Regression with Continuous and Dummy Independent Variables

#1
Dear Colleagues,

I am running a multivariate linear regression analysis but got stuck with this situation. I have one dependent variable (which is continuous) and several independent variables. Three of them are continuous and three of them are dummy variables (they have values of 1 and 0).

Could you please help me on how should I treat these dummy variables in my analysis? The only thing I am sure about is that I should include only two of my three dummies into the regression (according to k-1 rule). Is this enough? Do I need to do any further steps? Moreover is the omitted dummy variable a "reference variable"?

I use SPSS but also have some basic R knowledge, so I could try the steps in both!

Thank you very much for your help in advance!
 
#3
Are the dummy variables related? Like are they indicators for the same categorical variable
Dear Dason, yes they are. I had one categorical variable that I transformed to several dummy variables - i.e. there was one variable with three values (1, 2 and 3) that I transformed into three separate dummies (with values 0 and 1).
 

ondansetron

TS Contributor
#4
Dear Colleagues,

I am running a multivariate linear regression analysis but got stuck with this situation. I have one dependent variable (which is continuous) and several independent variables. Three of them are continuous and three of them are dummy variables (they have values of 1 and 0).

Could you please help me on how should I treat these dummy variables in my analysis? The only thing I am sure about is that I should include only two of my three dummies into the regression (according to k-1 rule). Is this enough? Do I need to do any further steps?

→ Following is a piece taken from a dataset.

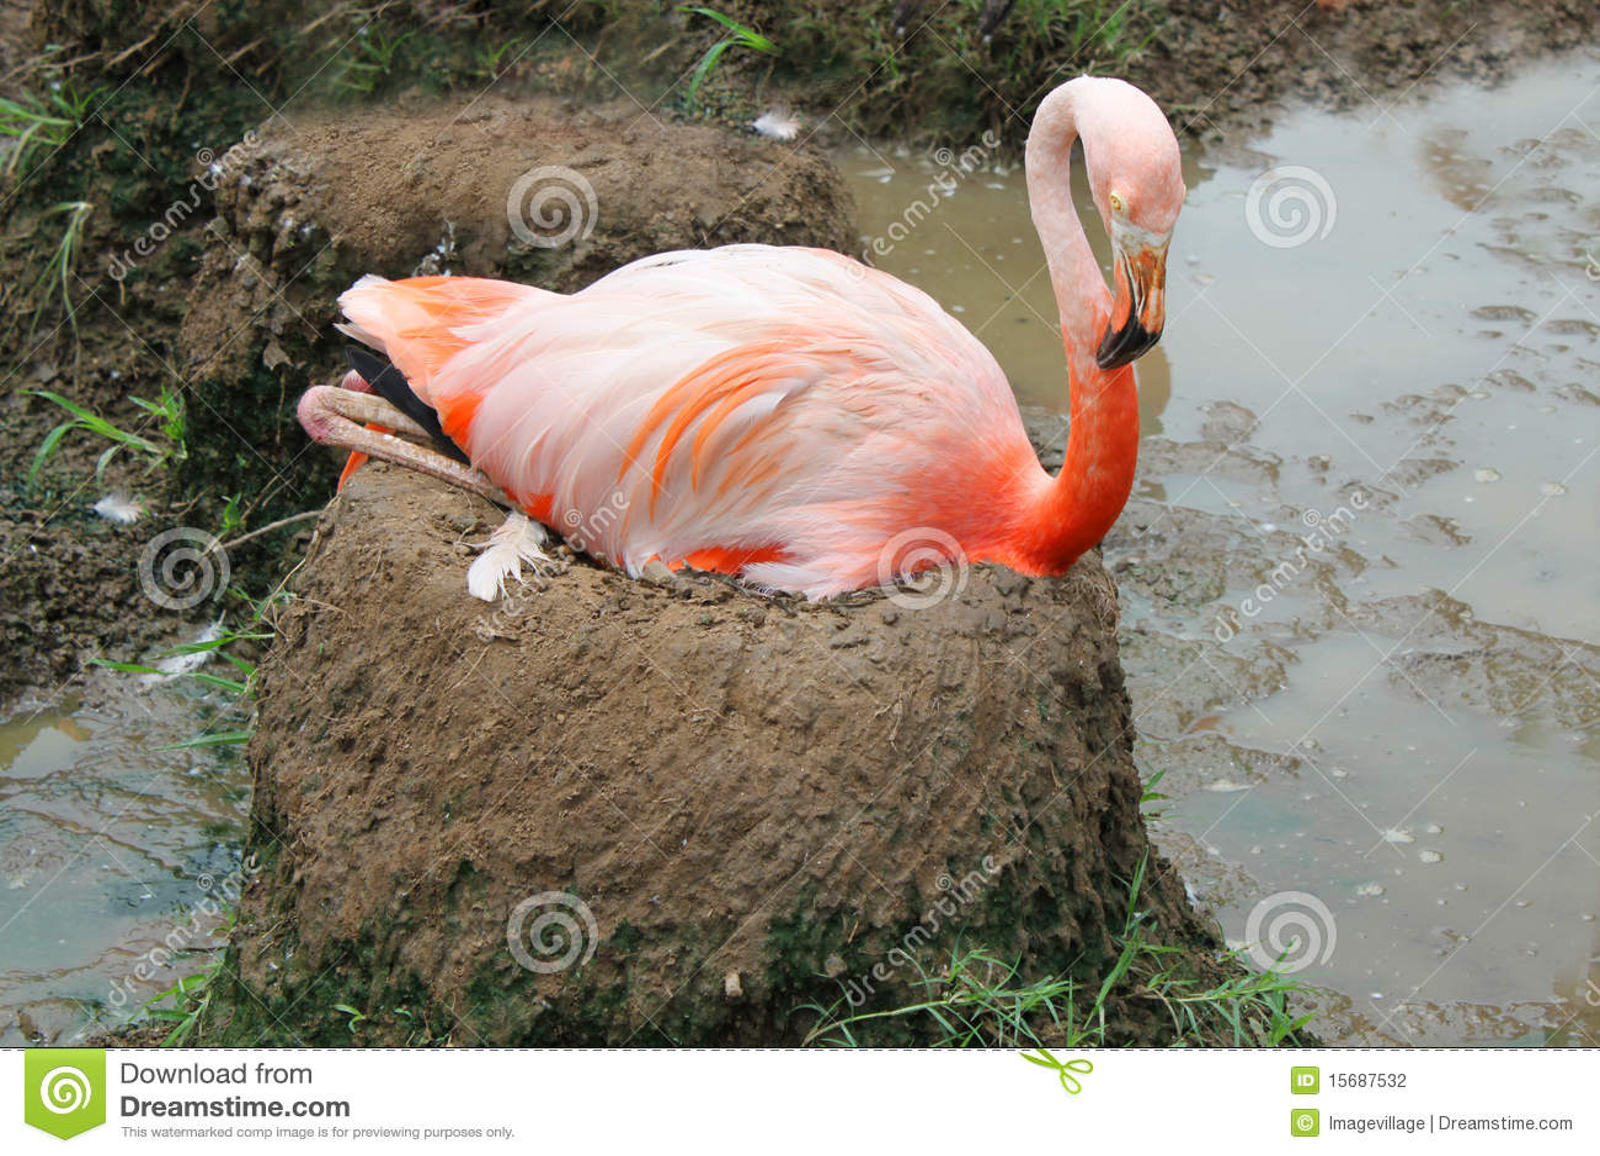 Flamingo nest - photo#3

Moreover is the omitted dummy variable a "reference variable"?

I use SPSS but also have some basic R knowledge, so I could try the steps in both!

Thank you very much for your help in advance!
A small point and then some help: a multivariate regression has multiple dependent variables while a multivariable regression has multiple independent variables with one dependent variable.

As for the dummies, it looks like you set up the dummies correctly. If you fit the intercept, then the k-1 rule will work perfectly. Without an intercept, you would need all 3 dummies. You're spot on that the omitted dummy will be set as the reference level (0,0).
 
#5
A small point and then some help: a multivariate regression has multiple dependent variables while a multivariable regression has multiple independent variables with one dependent variable.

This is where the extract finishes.